Work required: When you copy the entries, keep every word exactly as it is and drop the images.
START Source information
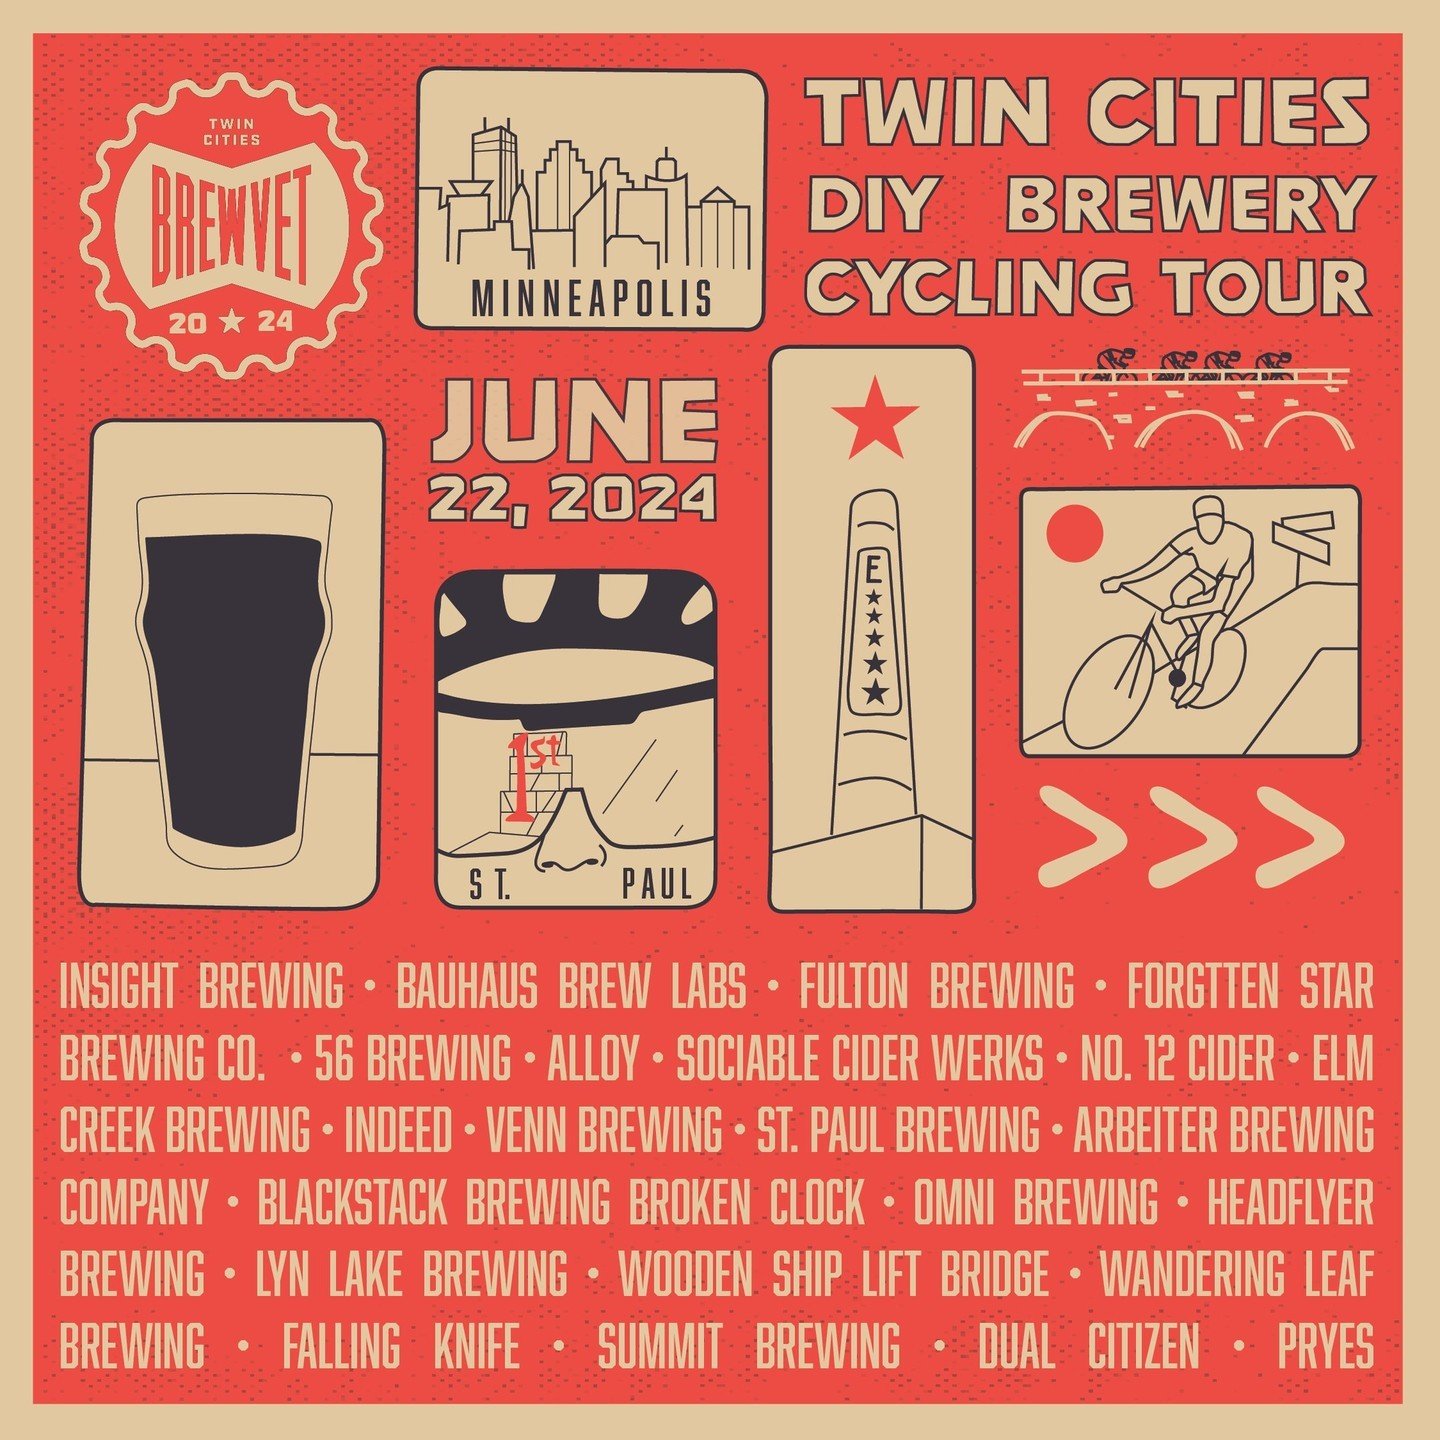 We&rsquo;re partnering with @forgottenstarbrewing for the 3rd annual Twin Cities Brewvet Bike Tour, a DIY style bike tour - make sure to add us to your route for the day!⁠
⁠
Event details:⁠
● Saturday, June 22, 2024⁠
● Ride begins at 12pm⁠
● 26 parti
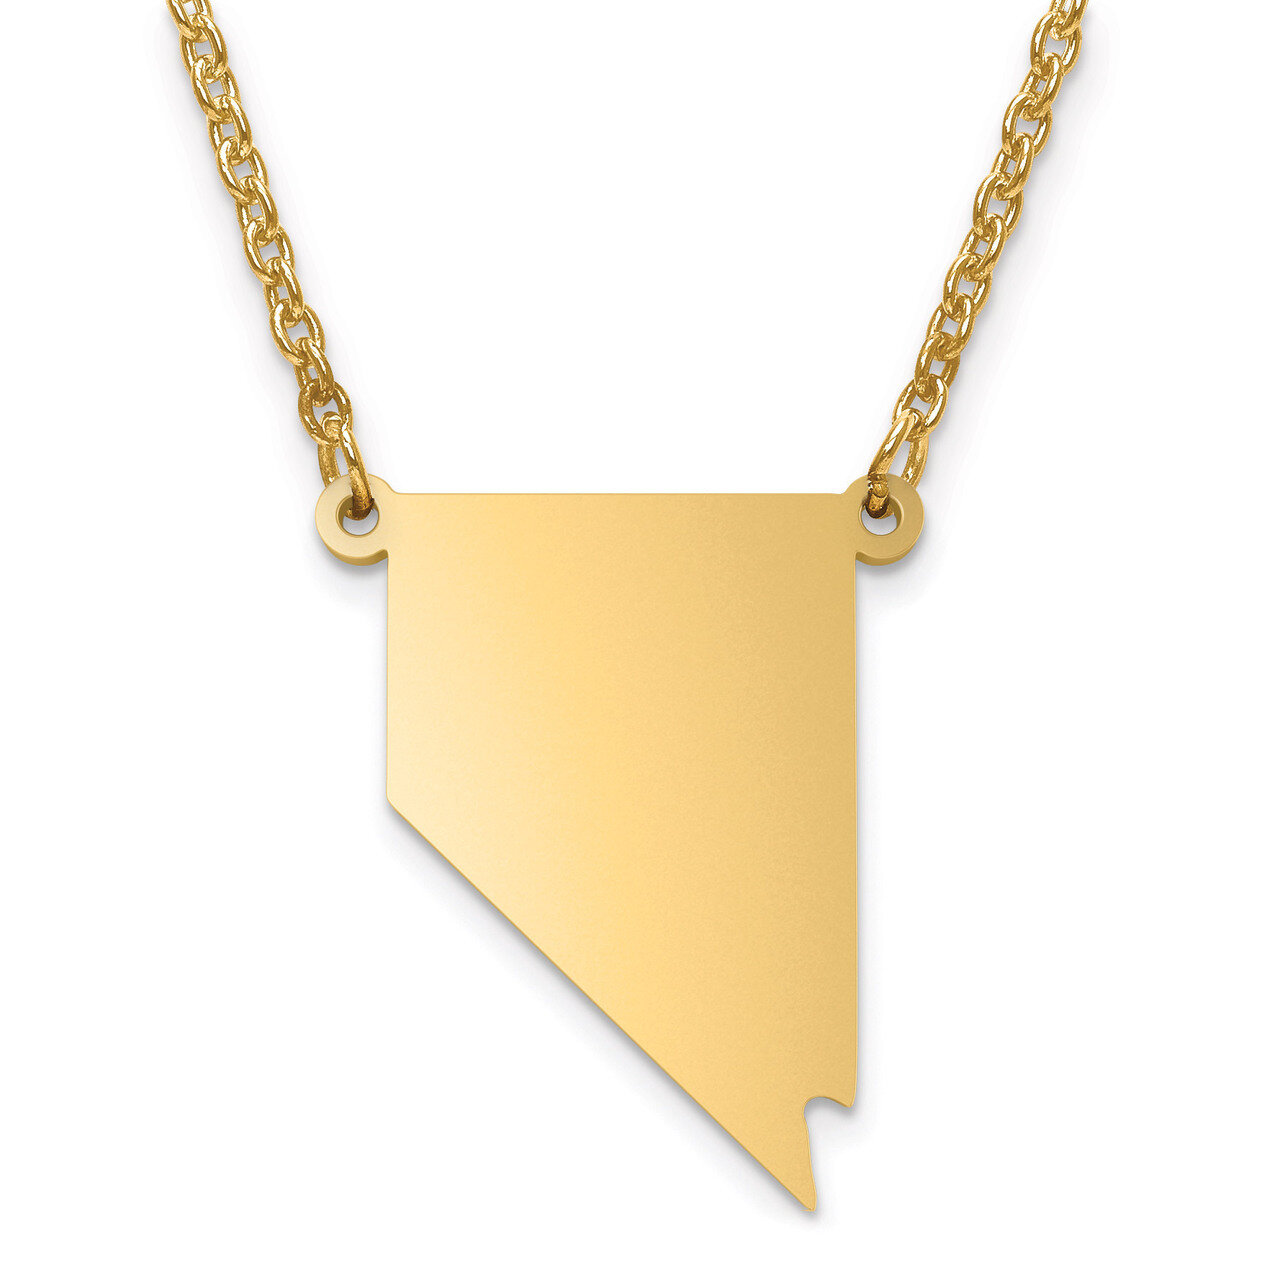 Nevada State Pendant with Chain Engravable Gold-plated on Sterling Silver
END Source information
Written answer:
 We&rsquo;re partnering with @forgottenstarbrewing for the 3rd annual Twin Cities Brewvet Bike Tour, a DIY style bike tour - make sure to add us to your route for the day!⁠
⁠
Event details:⁠
● Saturday, June 22, 2024⁠
● Ride begins at 12pm⁠
● 26 parti
 Nevada State Pendant with Chain Engravable Gold-plated on Sterling Silver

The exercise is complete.